Abbey raced to a career third Smiley’s Racing Products Southern SportMod crown this season, wheeling a Chris Bragg-owned Harris Chassis to a single-season career best 23 feature wins in 38 starts.

“We had a heck of a season. We had really good luck all year and the attention to detail and the equipment Chris gave me was second to none,” said Abbey, who had won back-to-back titles in 2011 and 2012. “Everything just went our way this year. I can’t say enough about everybody who was part of this team. It was a real team effort on and off the track.”

Abbey last ran a SportMod full-time in 2013 before successful stints in both an IMCA Modified and an IMCA Sunoco Stock Car.

Bragg’s son Tyler saddled up in a Harris beginning early last season. Abbey joined the team in an active advisory role and the partnership took off.

Success came early, and again often after their campaign was interrupted by the Covid-19 pandemic.

“The national championship was not a goal at the start of the year.
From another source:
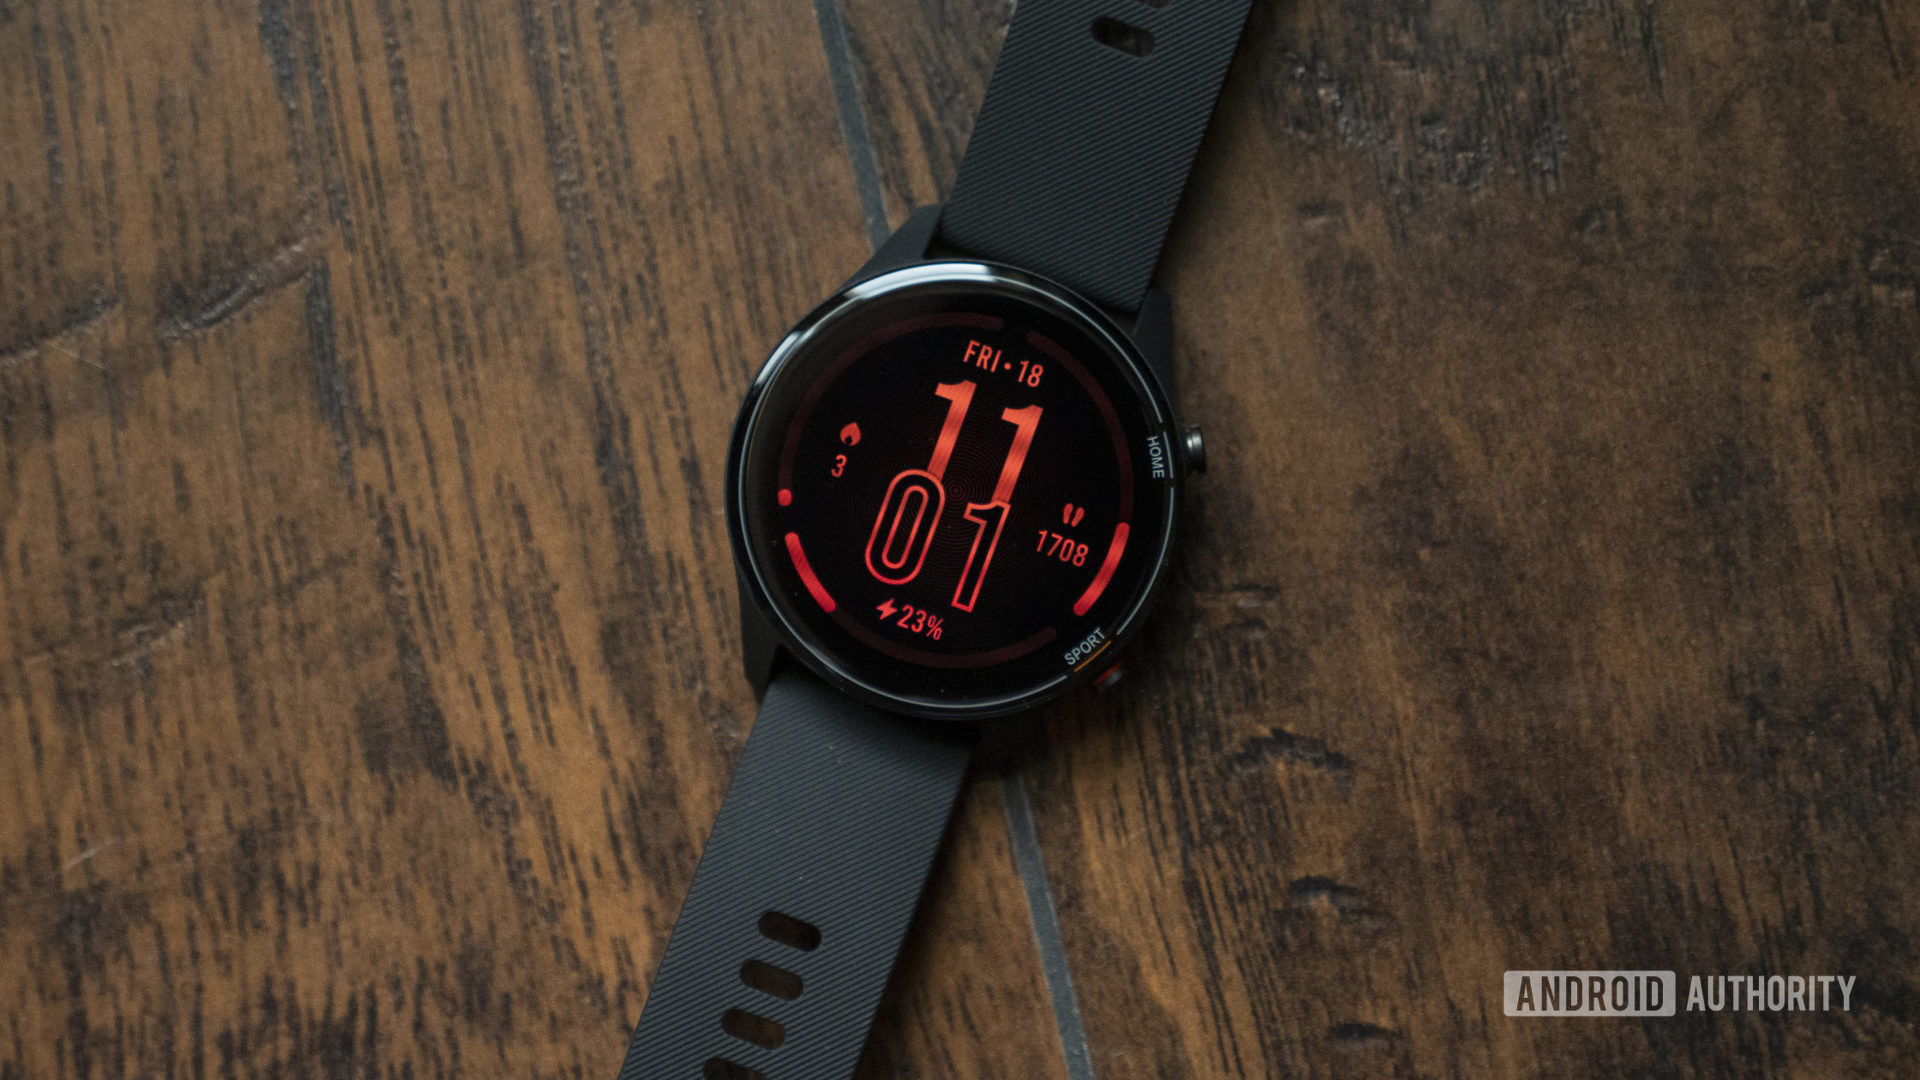 I've been using Nothing's new budget smartwatch for a week
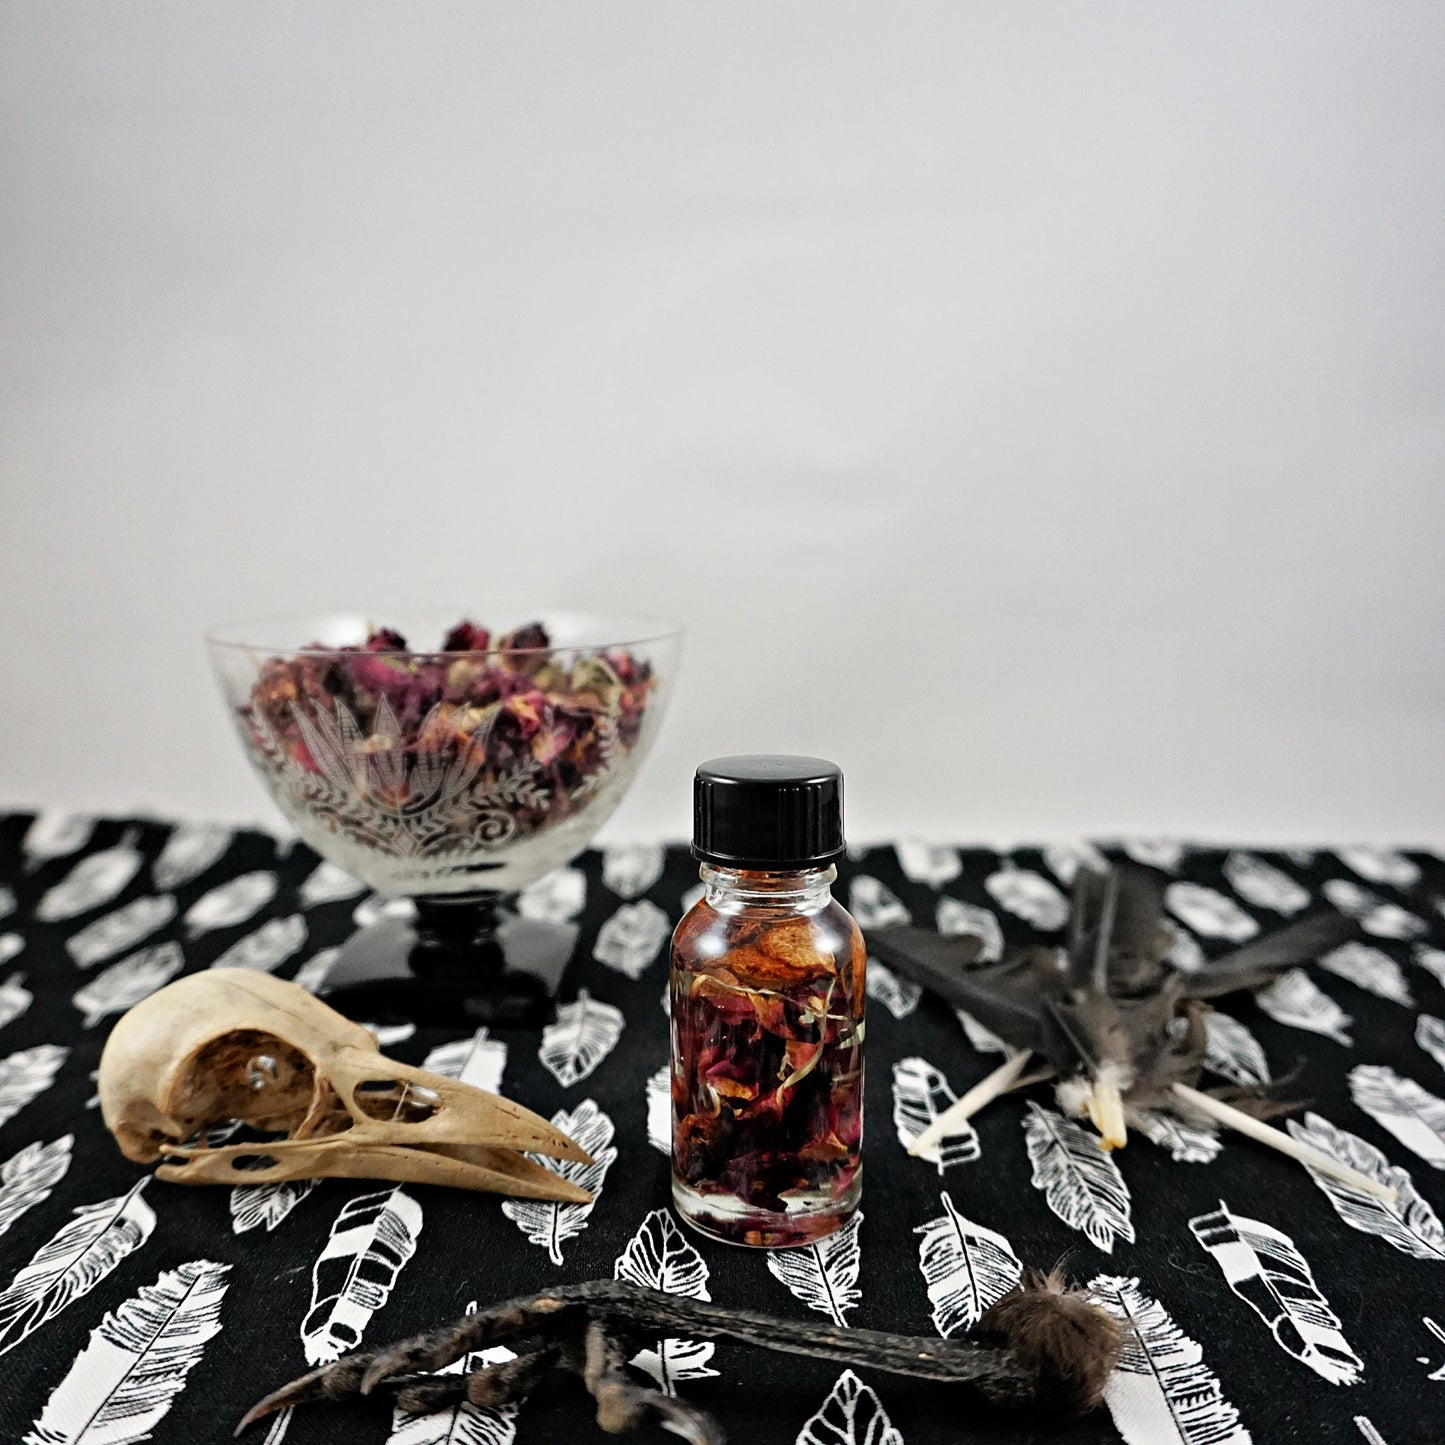 THE MORRIGAN Ritual Oil, Invocation, Spell, Dark Goddess Offering, Power, Strength, Prophecy

Our goal was to win as many races as we could,” Abbey explained. “We won a couple times early in the year and then Corona happened.”

“We were able to make some changes during that break and come back stronger,” he continued. “While everybody else was iRacing, Chris and I were bench racing, trying to make our cars faster, and we were able to do that.”

Abbey won 11 of 18 starts at Southern Oklahoma Speedway and nine of 13 Boyd Raceway outings, piloting different cars to track titles at both venues.

“Boyd and Southern Oklahoma were a good combination for us,” said Abbey, the only driver in the division with multiple track championships to his credit this season. “We were on point almost every night at both tracks and had a lot of good luck all year.”

Also the KMJ Performance Oklahoma State champion, he had single wins at Grayson County Speedway, Heart O’ Texas Speedway and Kennedale Speedway Park as well.

While the win total impresses. Abbey and his teammates score high marks for consistency. He never went more than two straight races without winning and finished outside the top five on just five nights.

From an on-track perspective, Abbey’s three national championship seasons share a number of similarities.

2020, obviously, will be remembered for its own unique challenges.

“This year was definitely the oddest with everything that went on,” Abbey said. “It was nice not to have to race 55 times but there were a lot of other things that happened that we’re not going to forget, for sure.”

While they spent fewer nights at the track, Abbey and wife Courtney were busier this year than during other championship-chasing seasons. Daughter Stella is six, son Sawyer just turned two and both keep mom and dad hopping.

“When we were running for national championships in 2011 and 2012, racing and school and work was all we did,” Abbey said. “With the kids and their activities, work, school and racing two nights a week, it’s definitely more challenging now.”

Abbey’s 87 career wins put him third on the all-time list for the Southern SportMod division.